Lack of Fit Tests

The PROBIT Procedure

Lack of Fit Tests

Two goodness-of-fit tests can be requested from the PROBIT procedure -a Pearson chi-square test and a log-likelihood ratio chi-square test.

If there is only a single continuous independent variable, the data are internally sorted to group response values by the independent variable. Otherwise, the data are aggregated into groupings that are delimited whenever a change is observed in one of the independent variables.

Note: Because of this grouping, the data set should be sorted by the independent variables before the PROBIT procedure is run if the LACKFIT option is specified.

If the Pearson goodness-of-fit chi-square test is requested and the p-value for the test is too small, variances and covariances are adjusted by a heterogeneity factor (the goodness-of-fit chi-square divided by its degrees of freedom) and a critical value from the t distribution is used to compute the fiducial limits. The Pearson chi-square test statistic is computed as

$\sum_i \sum_j \frac{(r_{ij} - n_i p_{ij})^2}{n_i p_{ij}}$

where the sum on i is over grouping, the sum on j is over levels of response, the r_ij is the frequency of response level j for the ith grouping, n_i is the total frequency for the ith grouping, and p_ij is the fitted probability for the jth level at the ith grouping.

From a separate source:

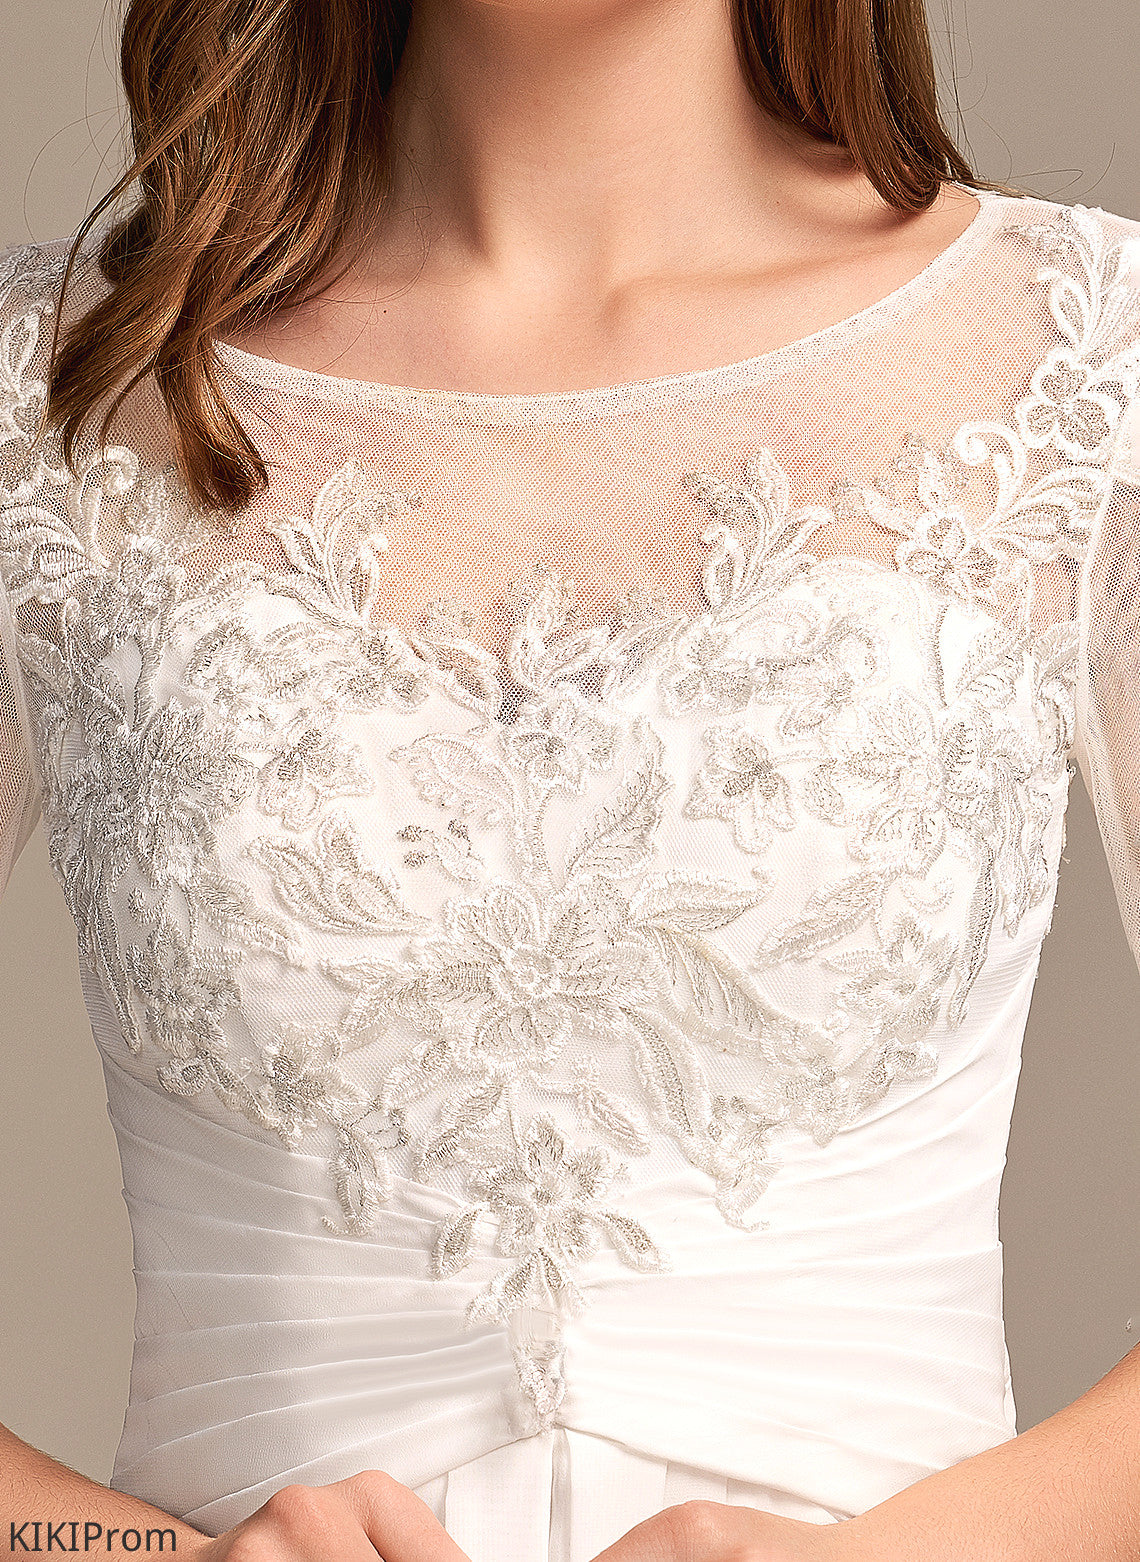 Asymmetrical Chiffon Wedding Dresses With Dress Marilyn Illusion A-Line Wedding Lace

The log-likelihood ratio chi-square test statistic is computed as

$2 \sum_i \sum_j r_{ij} \ln ( \frac{r_{ij}}{n_i p_{ij}} )$

This quantity is sometimes called the deviance. If the modeled probabilities fit the data, these statistics should be approximately distributed as chi-square with degrees of freedom equal to (k - 1) ×m - q, where k is the number of levels of the multinomial or binomial response, m is the number of sets of independent variable values (covariate patterns), and q is the number of parameters fit in the model.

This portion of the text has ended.